1978-1992 – The institute was included into the list of the country's leading institutions of higher education in scientific works (1978). Construction of a training and laboratory complex on Prospect Bolshevikov began. More than 8,500 students (including 300 foreign students) were studying at seven faculties in five specialties (1980). There were about 600 teachers and more than 400 teaching and administrative employees by that time.

 

1993-2018 Having university status
1993 – The institute obtained the status of being a university. Its new name: The Bonch-Bruevich Saint-Petersburg State University of Telecommunications (SUT). Development of digital information-transmission systems, introduction of fiber-optic communication lines, development of information networks, and mobile communication networks were determined to be priorities for scientific research.
New departments and Chairs were created: digital signal processing, communication networks, information security of telecommunication systems, biomedical technologies, information-management systems, global information technologies, global info-communication networks and systems.

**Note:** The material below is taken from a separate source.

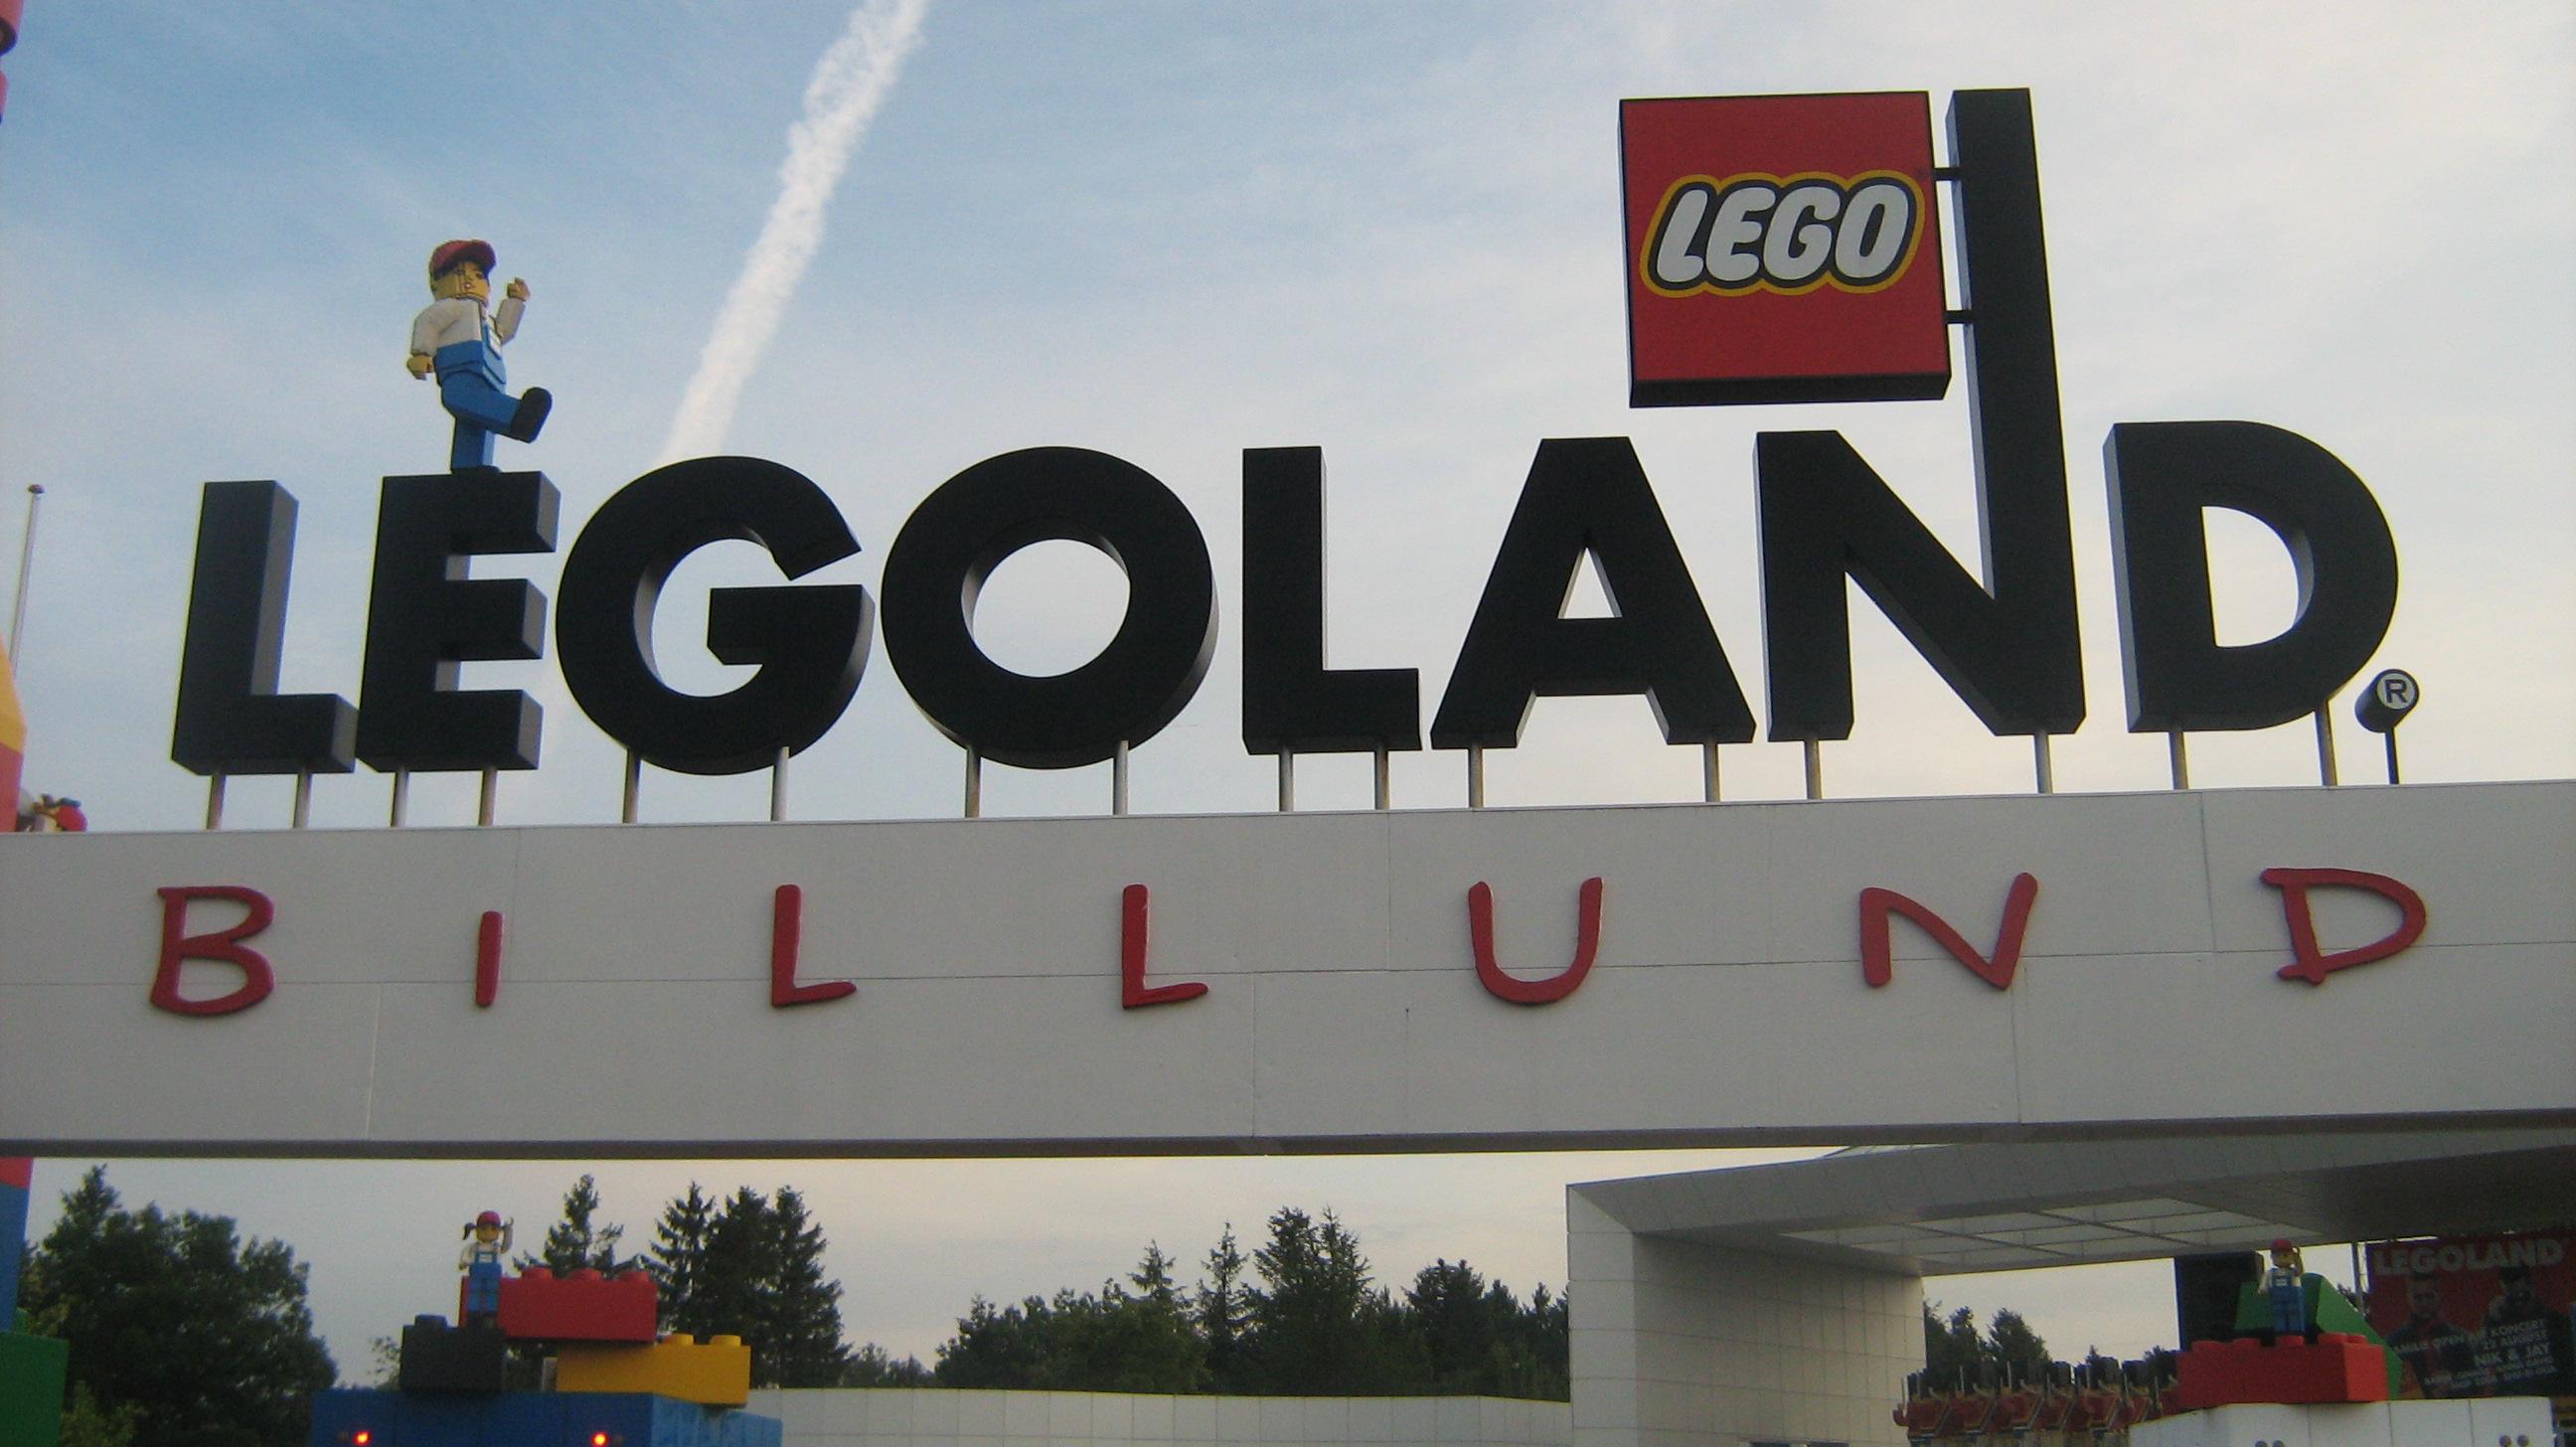 Legoland-Billund

Saint-Petersburg Center of Telecommunications was created and based in SUT; it is a specialized center for improvement of professional skills and retraining of specialists. The Department of Fundamental Studies was created. It provides training of specialists according to a “Bachelor and Master” system. The Factory and Technical College was reorganized into SUT’s Institute of Radio Engineering and Electronics. The College of Telecommunications was also included into the structure of SUT.
Archangelsk College of Telecommunications and Smolensk College of Telecommunications became branches of SUT. The state educational institution Lyceum by SUT was founded. Institute of information technologies (IIT) was created.